* **Records for the exercise**
§ §
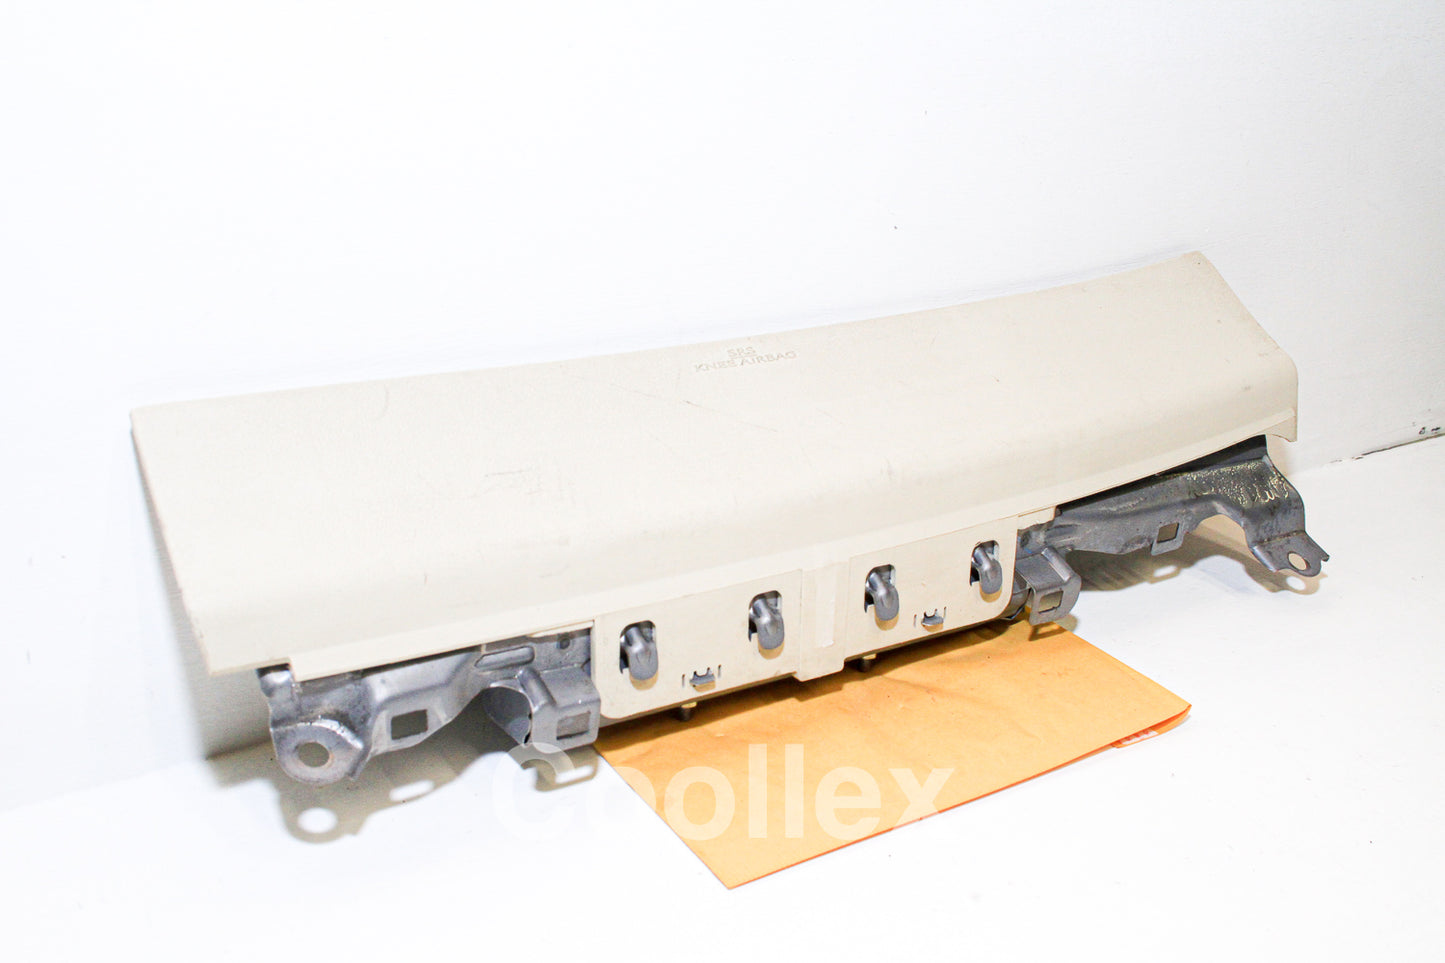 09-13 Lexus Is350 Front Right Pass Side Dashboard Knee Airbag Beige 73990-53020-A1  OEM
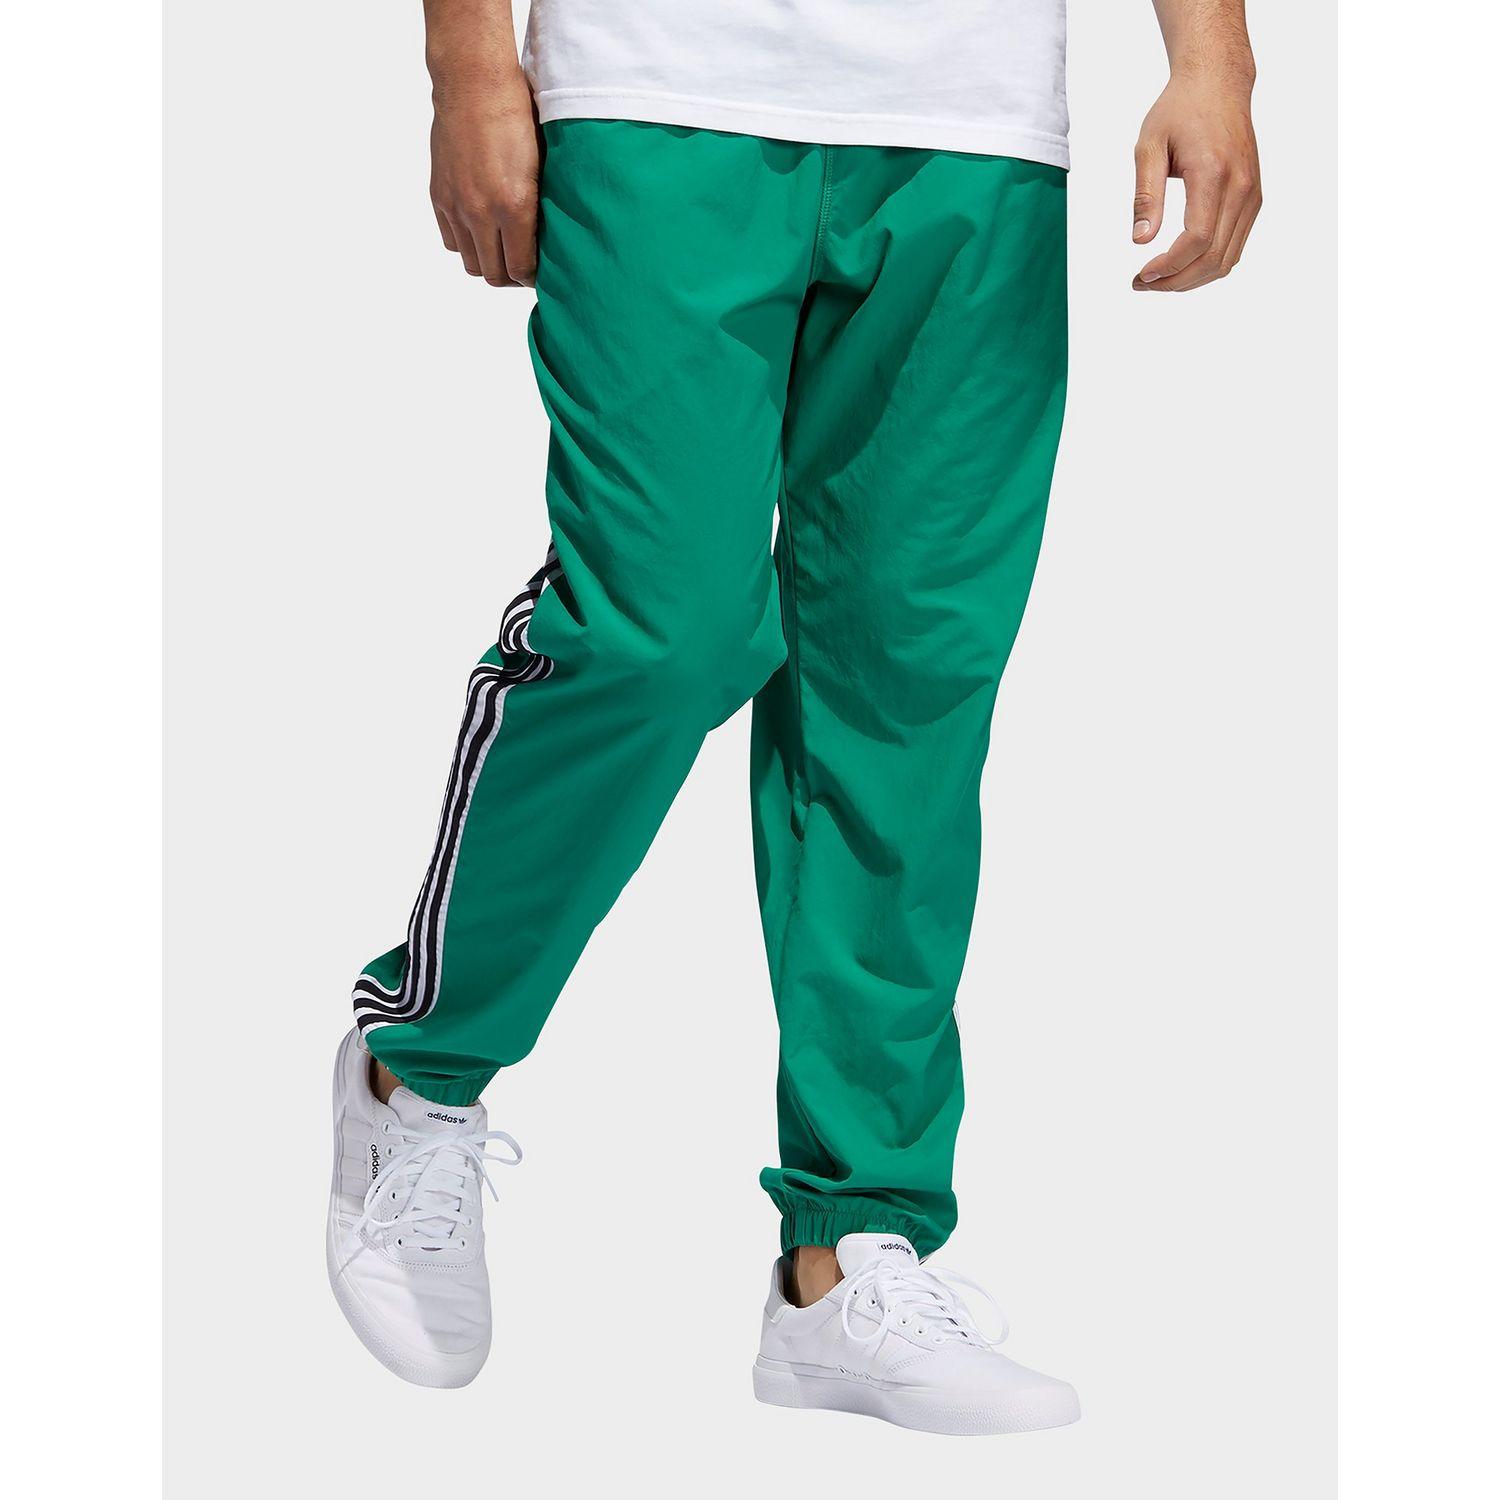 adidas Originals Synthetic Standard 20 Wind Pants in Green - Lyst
§ §
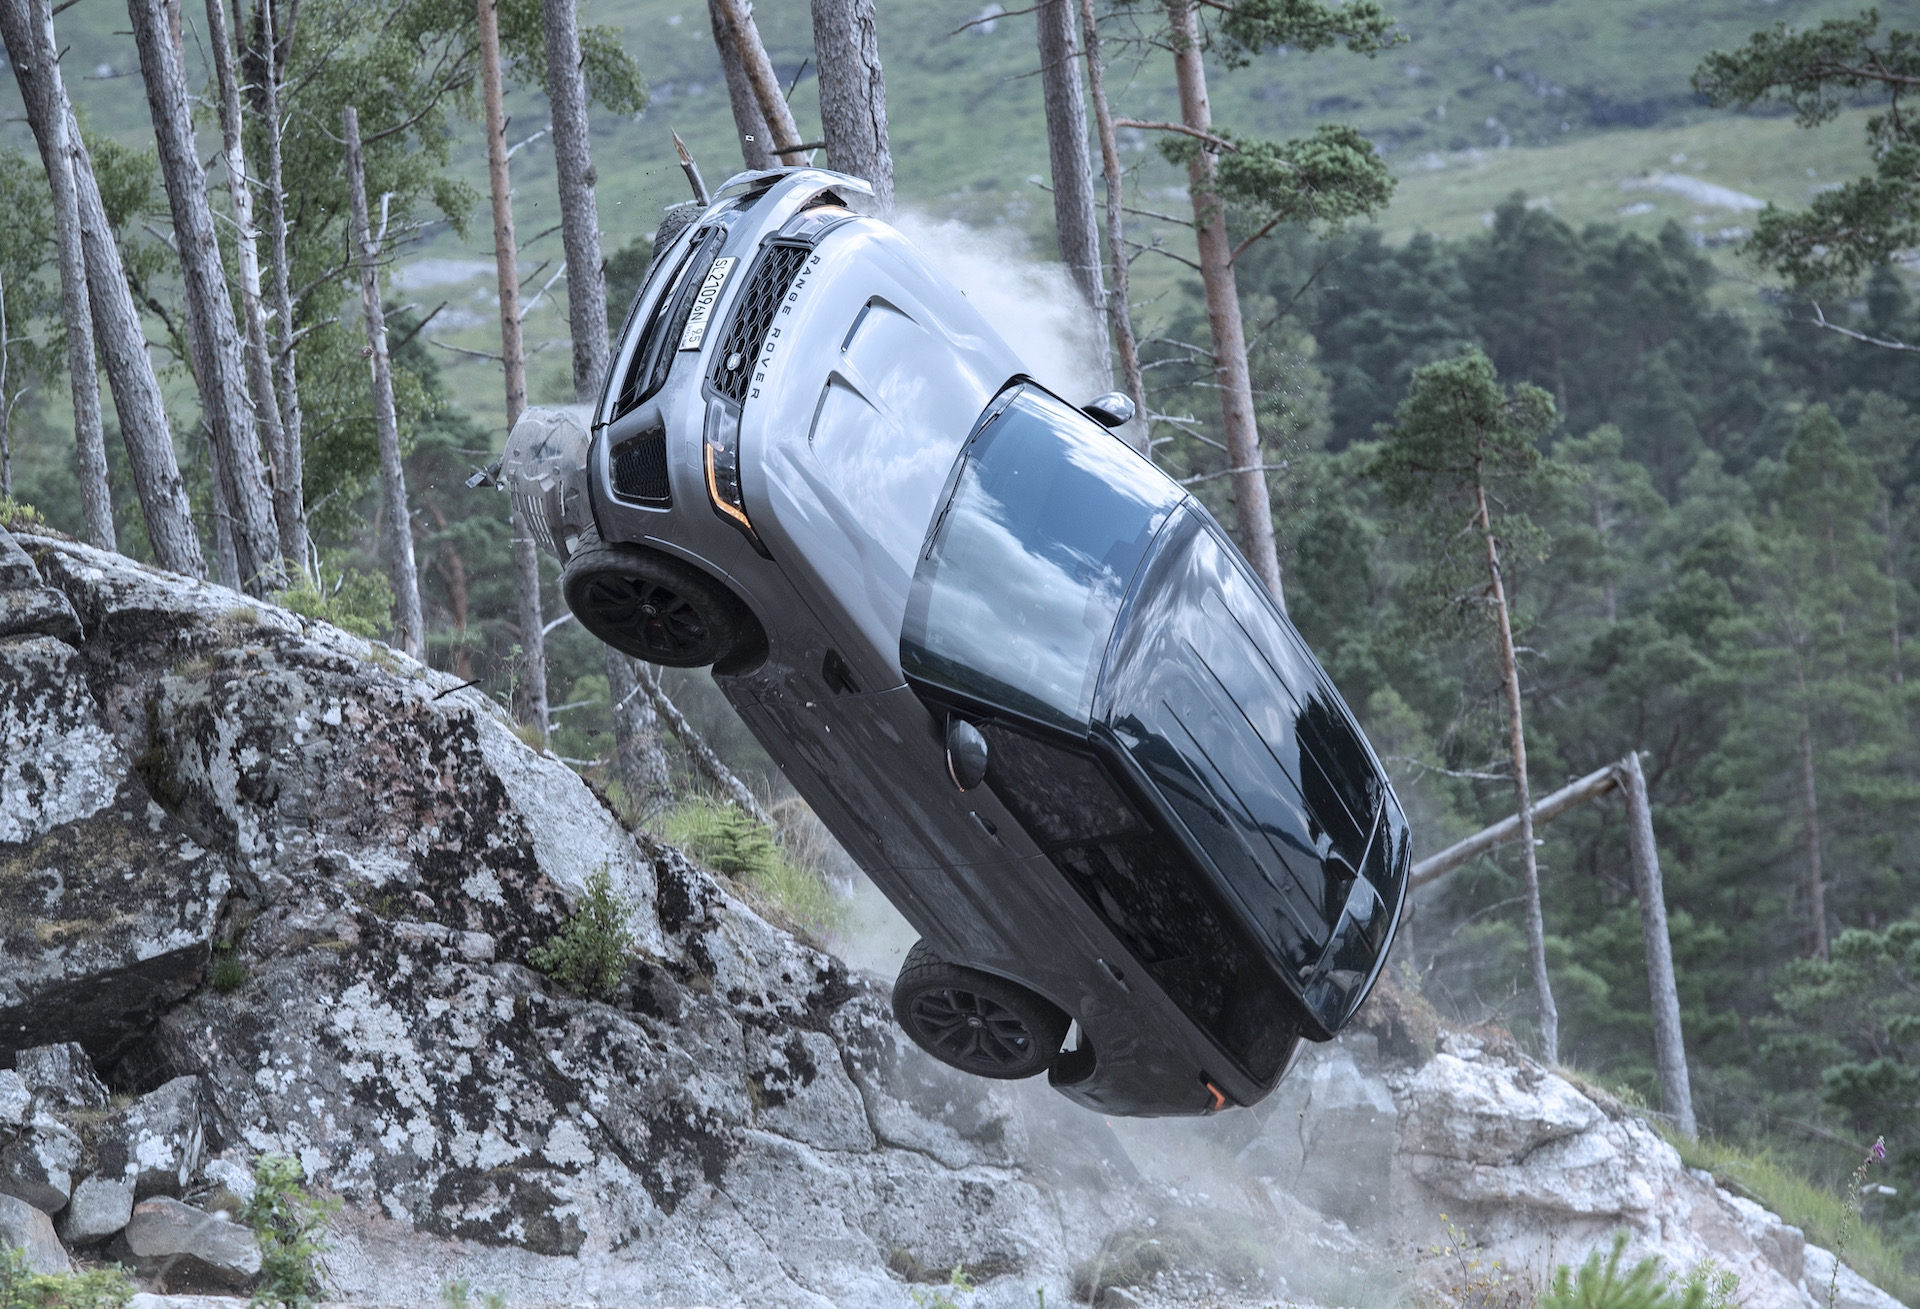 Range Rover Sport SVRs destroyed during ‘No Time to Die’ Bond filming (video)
§ §
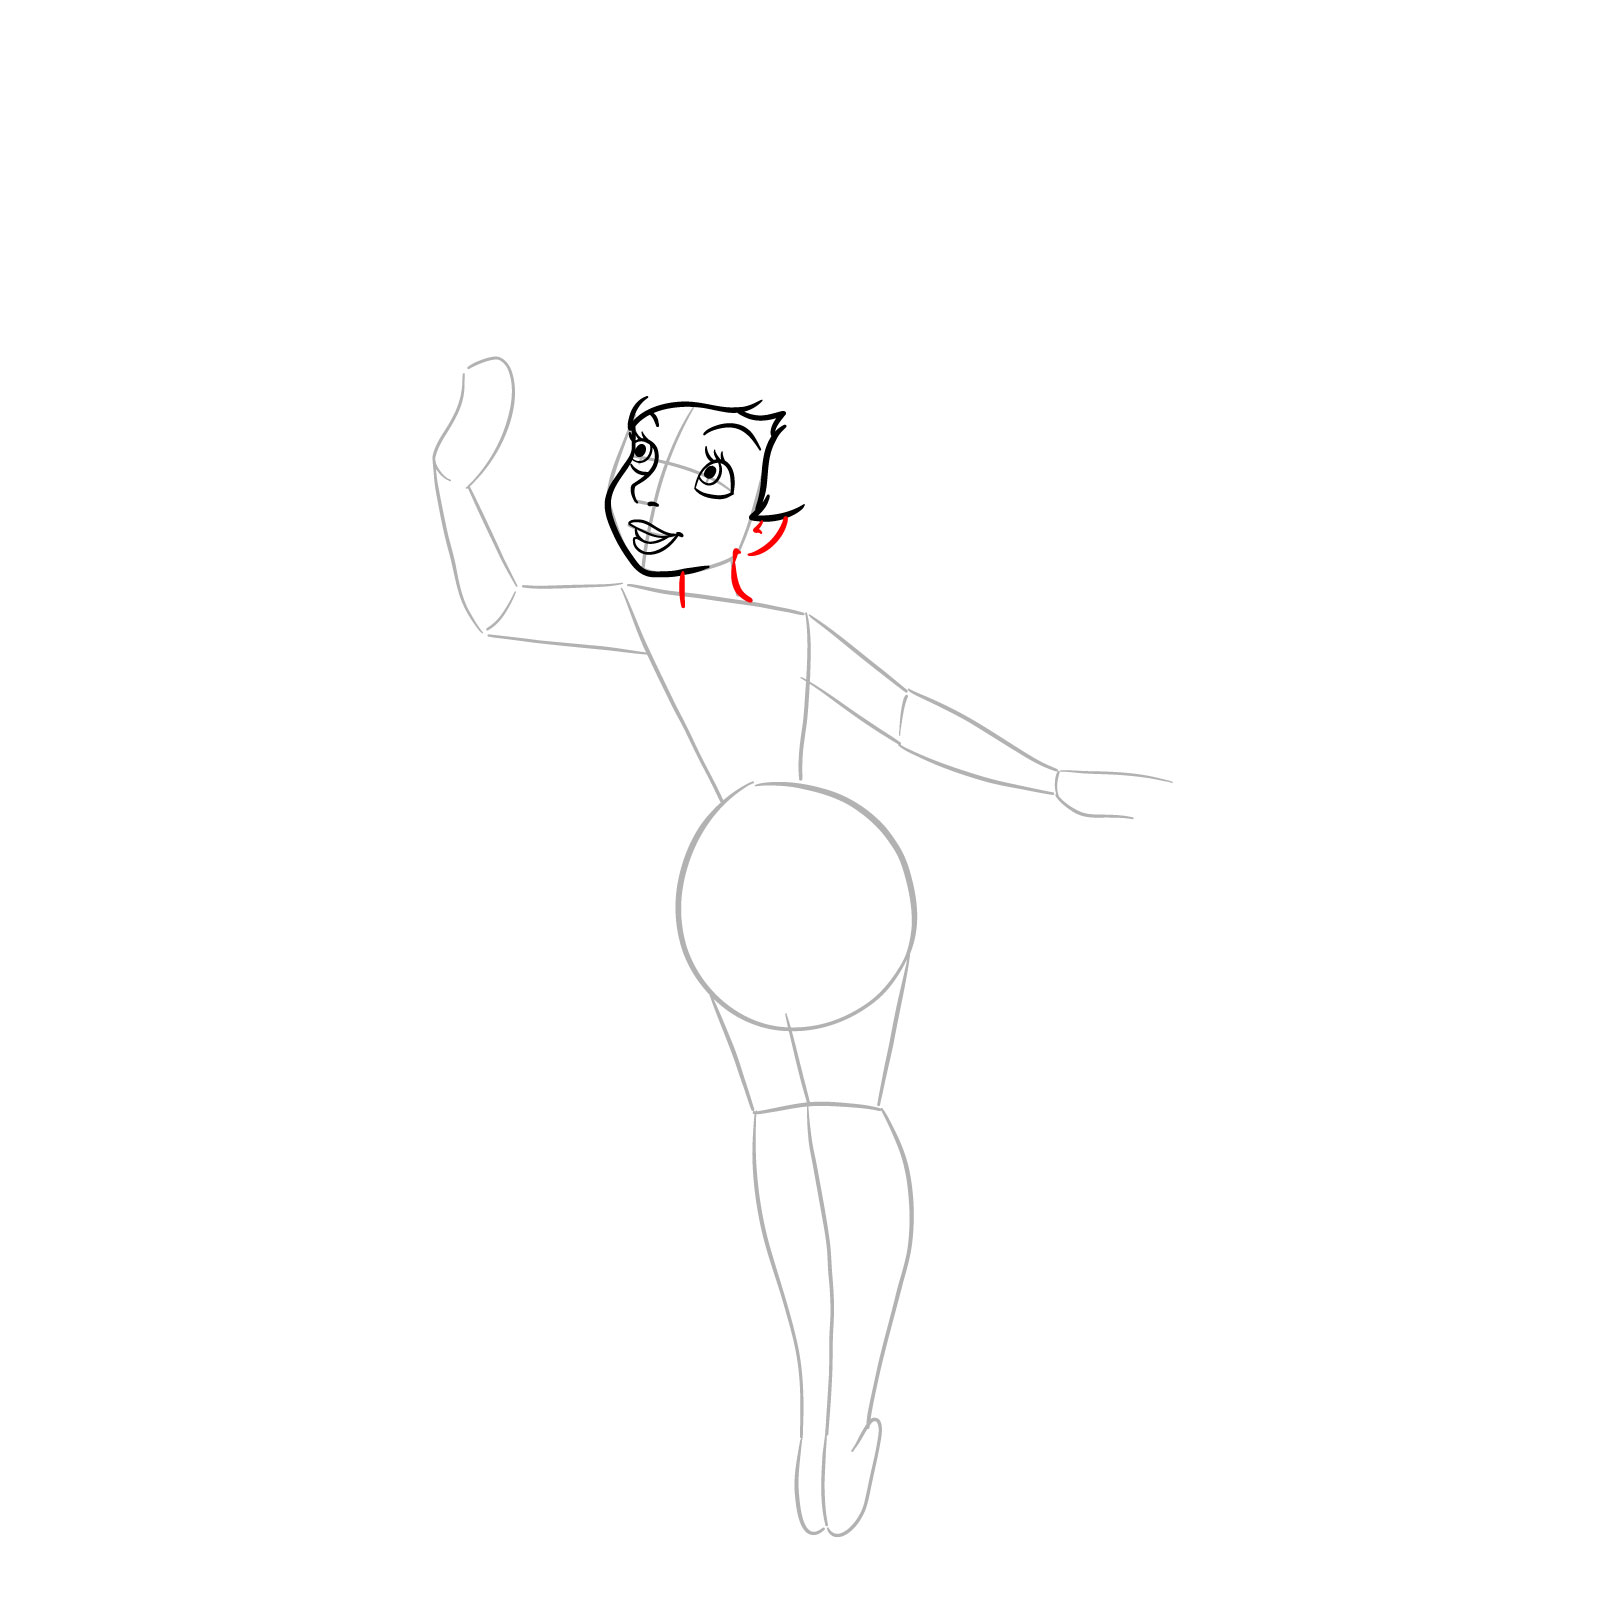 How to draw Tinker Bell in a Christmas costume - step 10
§ §
* **What to do**
What should come back is an exact copy of the lines above from the line with "09-13 Lexus Is350" to the line with "adidas Originals Synthetic", both included, minus the pictures.

* **Result**
 09-13 Lexus Is350 Front Right Pass Side Dashboard Knee Airbag Beige 73990-53020-A1  OEM
 adidas Originals Synthetic Standard 20 Wind Pants in Green - Lyst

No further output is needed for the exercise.